Kokoro is an open-source text-to-speech (TTS) model with 82 million parameters, renowned for its lightweight architecture and high audio quality, while also being fast and cost-effective.
Kokoro is an Apache-licensed text-to-speech model capable of generating high-quality speech output, suitable for various scenarios from production environments to personal projects.
Model Features
Lightweight architecture
Despite its smaller parameter size, it delivers audio quality comparable to larger models.
Cost efficiency
Less than $1 per million characters of text input and under $0.06 per hour of audio output.
Multilingual support
Supports 8 languages and 54 voices, suitable for diverse application scenarios.
Open-source license
Licensed under Apache, allowing free deployment in commercial and personal projects.
Model Capabilities
Text-to-speech
Multilingual speech synthesis
Efficient audio generation
Use Cases
Commercial applications
Voice assistants
Provides high-quality speech output for commercial applications.

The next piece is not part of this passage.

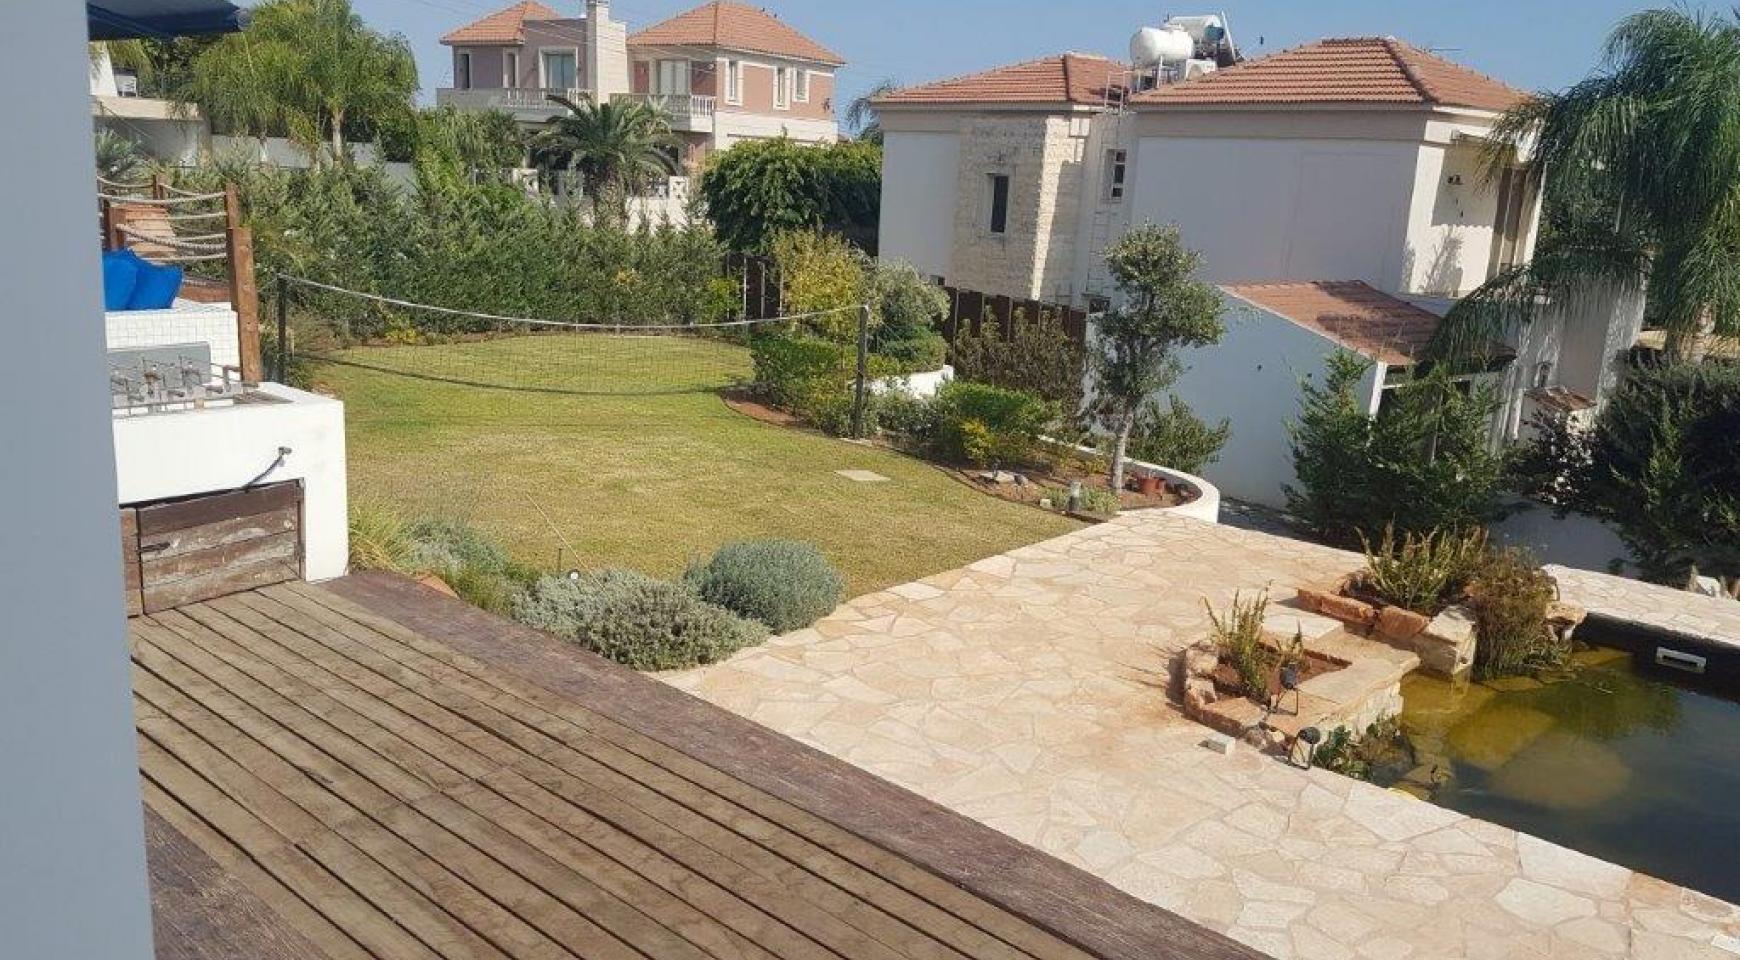 5 Bedroom Villa with Sea Views in Agios Tychonas Area - 2
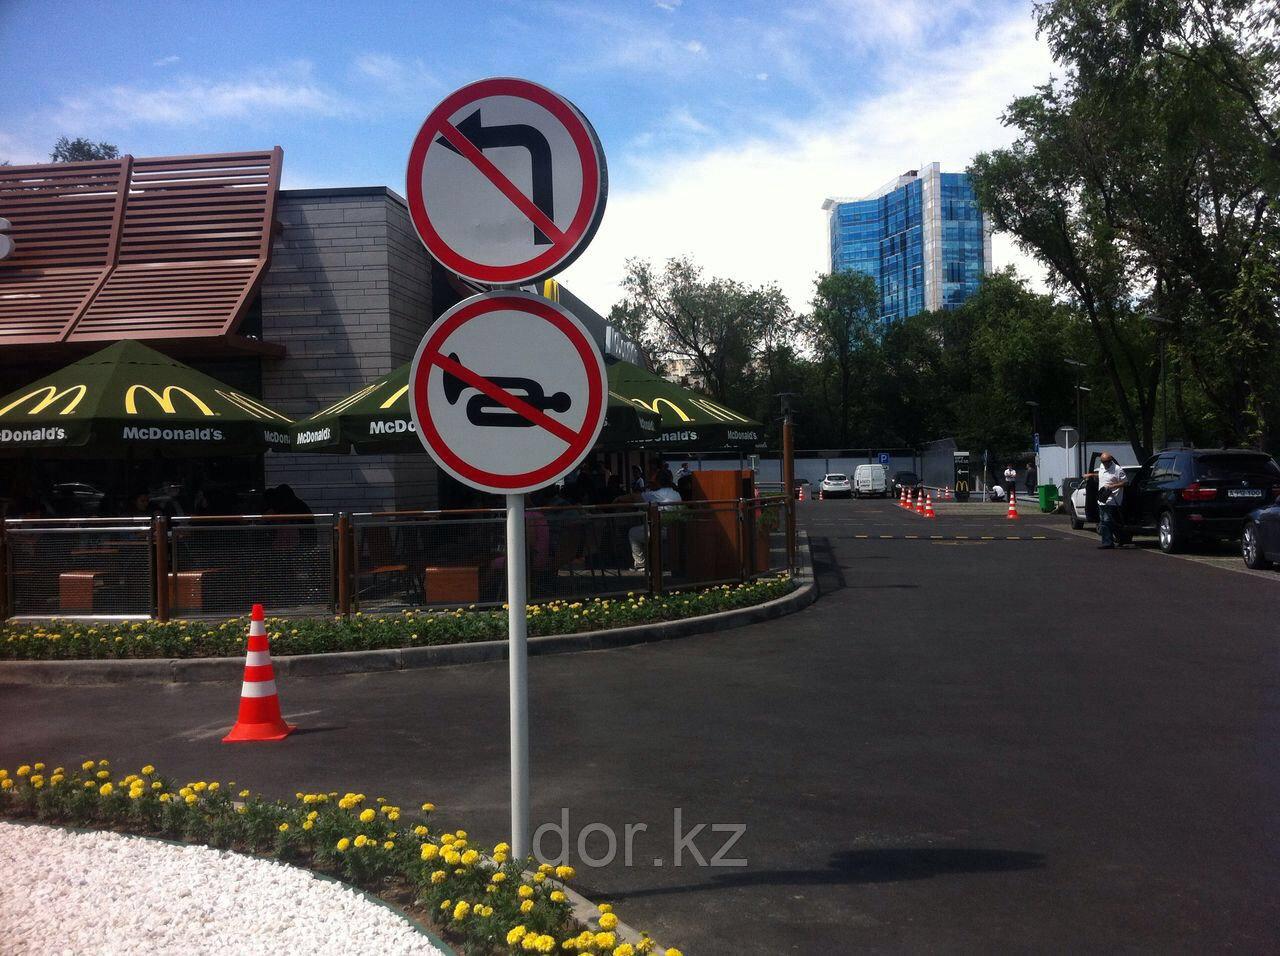 Установка дорожных знаков в Алматы

Efficient and low-cost speech synthesis solution.
Audiobooks
Generates natural and fluent audiobook content.
High-quality multilingual speech output.
Personal projects
Personal voice assistants
Offers customized speech output for personal projects.
Lightweight and easy-to-deploy solution.
🚀 Kokoro
Kokoro is an open-weight TTS model with 82 million parameters. Despite its lightweight architecture, it delivers comparable quality to larger models while being significantly faster and more cost-efficient. With Apache-licensed weights, Kokoro can be deployed anywhere from production environments to personal projects.
!pip install -q kokoro>=0.9.2 soundfile
!apt-get -qq -y install espeak-ng > /dev/null 2>&1from kokoro import KPipeline
from IPython.display import display, Audio
import soundfile as sf
import torch
pipeline = KPipeline(lang_code='a')
text = '''
[Kokoro](/kˈOkəɹO/) is an open-weight TTS model with 82 million parameters. Despite its lightweight architecture, it delivers comparable quality to larger models while being significantly faster and more cost-efficient. With Apache-licensed weights, [Kokoro](/kˈOkəɹO/) can be deployed anywhere from production environments to personal projects.
'''
generator = pipeline(text, voice='af_heart')
for i, (gs, ps, audio) inenumerate(generator):
print(i, gs, ps)
display(Audio(data=audio, rate=24000, autoplay=i==0))
sf.write(f'{i}.wav', audio, 24000)
Under the hood, kokoro uses misaki, a G2P library at https://github.com/hexgrad/misaki
✨ Features
Lightweight and High - Quality: Despite having a lightweight architecture with 82 million parameters, it offers comparable quality to larger models.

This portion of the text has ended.